What is ECMA-376 / OOXML?

The Office Open XML specification. It defines how Microsoft Office file formats (.xlsx, .docx, .pptx) are represented as a ZIP archive of XML files. Standardized by ECMA International, later adopted as ISO/IEC 29500. It defines file structure but not Excel's calculation behavior. It can say "this cell contains this formula" but never "evaluating this formula yields this value."

How do you implement what isn't written down? I started by reading MSDN. The MSDN pages and Excel's actual behavior diverged almost immediately. Worse, Excel 365 and Excel 2019 return different results for the same function. Negative dimensions in OFFSET, the argument-type error in SHEETS, dakuten composition for half-width katakana — all version-dependent.

Two weeks doesn't leave time to read the spec and clean-room the engine. Forget trusting the spec. Treat the artifact as the answer. Cheaper, by orders of magnitude.

This is a note on the methodology.

The limits of golden files

I started with goldens.

What are golden files / snapshot tests?

You save the "expected output" to a file (the golden file), then compare it against the actual output during test runs. React component testing with jest, CLI output comparison, and so on. The premise: same input always produces same output.

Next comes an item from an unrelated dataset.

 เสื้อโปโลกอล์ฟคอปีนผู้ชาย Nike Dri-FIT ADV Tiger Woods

Feed Excel a few hundred formulas, dump the results as JSON, compare against that during tests. Snapshot testing — familiar to any web engineer. The first few hundred cases went smoothly.

Then Excel pushed an update and the goldens rotted.

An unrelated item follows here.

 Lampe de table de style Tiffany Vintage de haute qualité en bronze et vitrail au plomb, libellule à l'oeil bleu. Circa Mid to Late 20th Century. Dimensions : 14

One day, the output of =ARRAYTOTEXT("") changed. Was it from "" to []? Back to empty string? I couldn't tell. When a golden mismatch came in, I had no way to separate my regression from Excel's behavior change.

What is ARRAYTOTEXT?

A function added in Excel 365. Converts an array into a string. =ARRAYTOTEXT({1,2,3}) returns "1, 2, 3" or similar. Excel 2019 and earlier don't even recognize the name and return #NAME?. Later in this article, it serves as the sentinel formula for detecting whether we're talking to Excel 365 or 2019.

What is a regression?

When code that used to work stops working, usually as a side effect of a new change. Tests that were passing start failing. Also called a "regression bug."

Snapshot testing has a fundamental assumption — "the target stays still" — that doesn't hold for Excel. Excel is a live product. New builds ship monthly. 365 differs from 2019 differs from 2016. ja-JP differs from en-US differs from de-DE. macOS Excel differs from Windows Excel.

ja-JP / en-US / de-DE

Locale identifiers following BCP 47. ja-JP means Japanese as spoken in Japan, en-US is American English, de-DE is German as spoken in Germany. Excel changes its error messages (#VALUE! becomes #WERT! in German, #VALEUR! in French), number formats (. versus , for the decimal point), and argument separators (, versus ;) based on this locale.

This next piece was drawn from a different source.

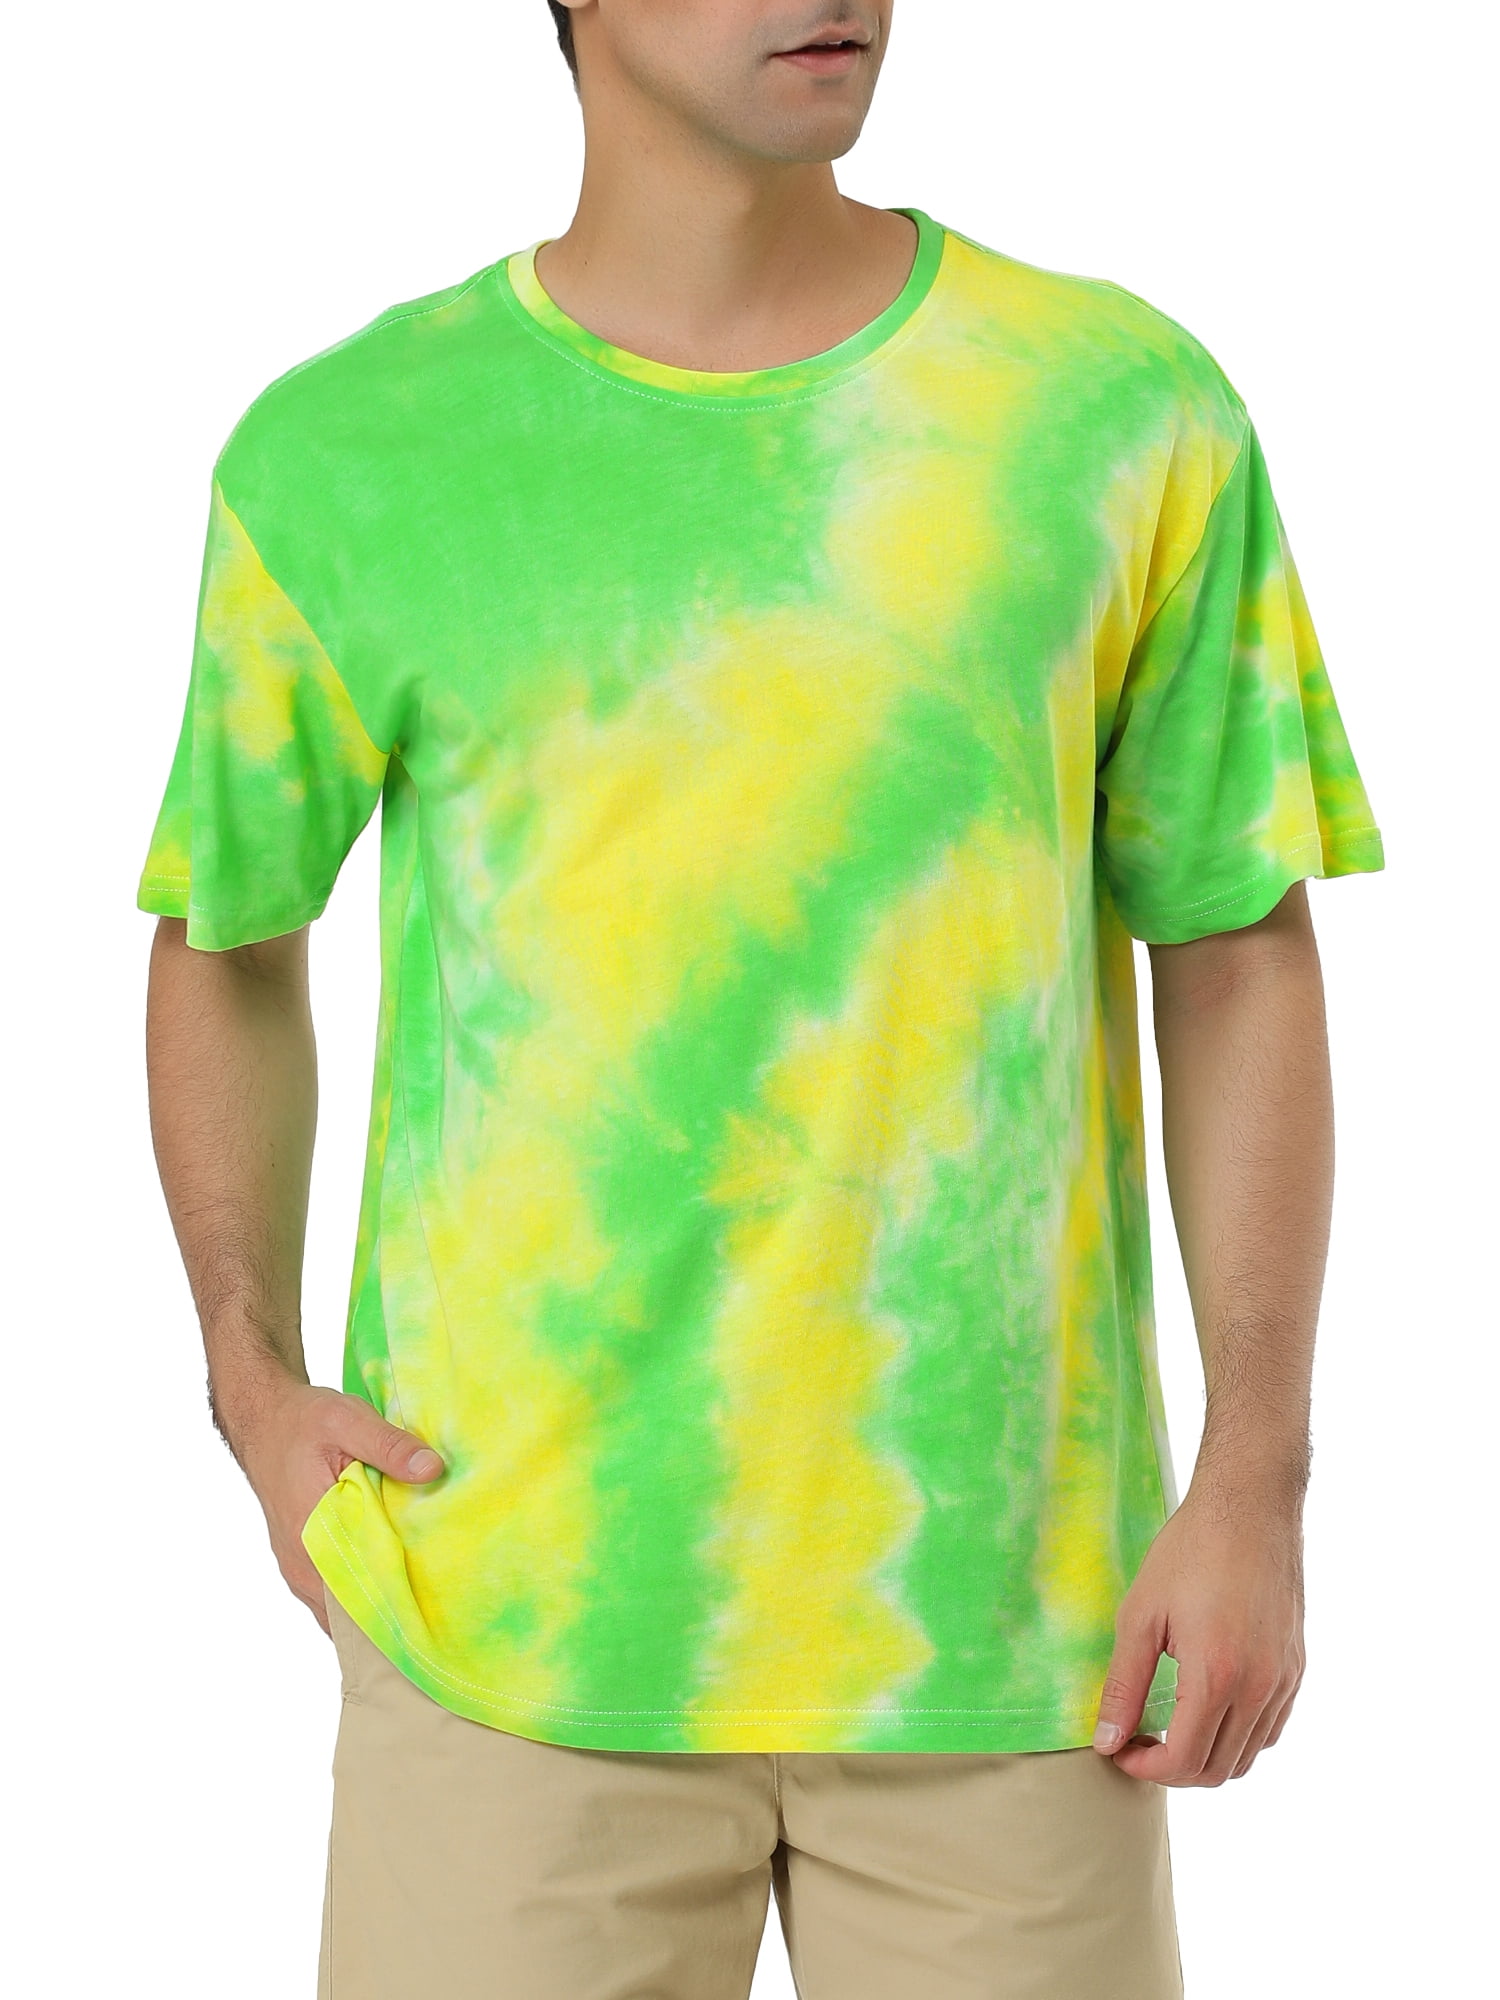 Lars Amadeus Men's Summer Tie Dye Tee Short Sleeves Hip Hop Printed T-Shirt

The cost of maintaining static goldens started to exceed the value the tests were protecting.

The live oracle

So I switched approach. Run Excel itself during the test run, and pull the results out.

The test harness runs on Linux (specifically WSL2, both in CI and on my dev machine). Excel only runs on Windows. COM automation (via xlwings) lets Windows-side Python drive Excel; the results come back to the Linux-side harness. Each test case compares its own result against Excel's, on the spot, every time.

What is WSL2?

Windows Subsystem for Linux 2. A way to run a real Linux kernel inside a lightweight VM on Windows. You can reach Windows files at /mnt/c/... and invoke Windows .exe binaries from the WSL2 shell. The use case: "I want my dev environment to be Linux, but I also need to integrate with Windows-native apps like Excel."

What is COM automation / xlwings?

COM (Component Object Model) is Windows' inter-process communication mechanism. Office apps like Excel and Word expose APIs through COM so external programs can drive them. xlwings is a Python library that wraps this COM layer; you write code like app.books.add() or sheet.range('A1').value = 1. Anything you can do in VBA, you can usually do from xlwings.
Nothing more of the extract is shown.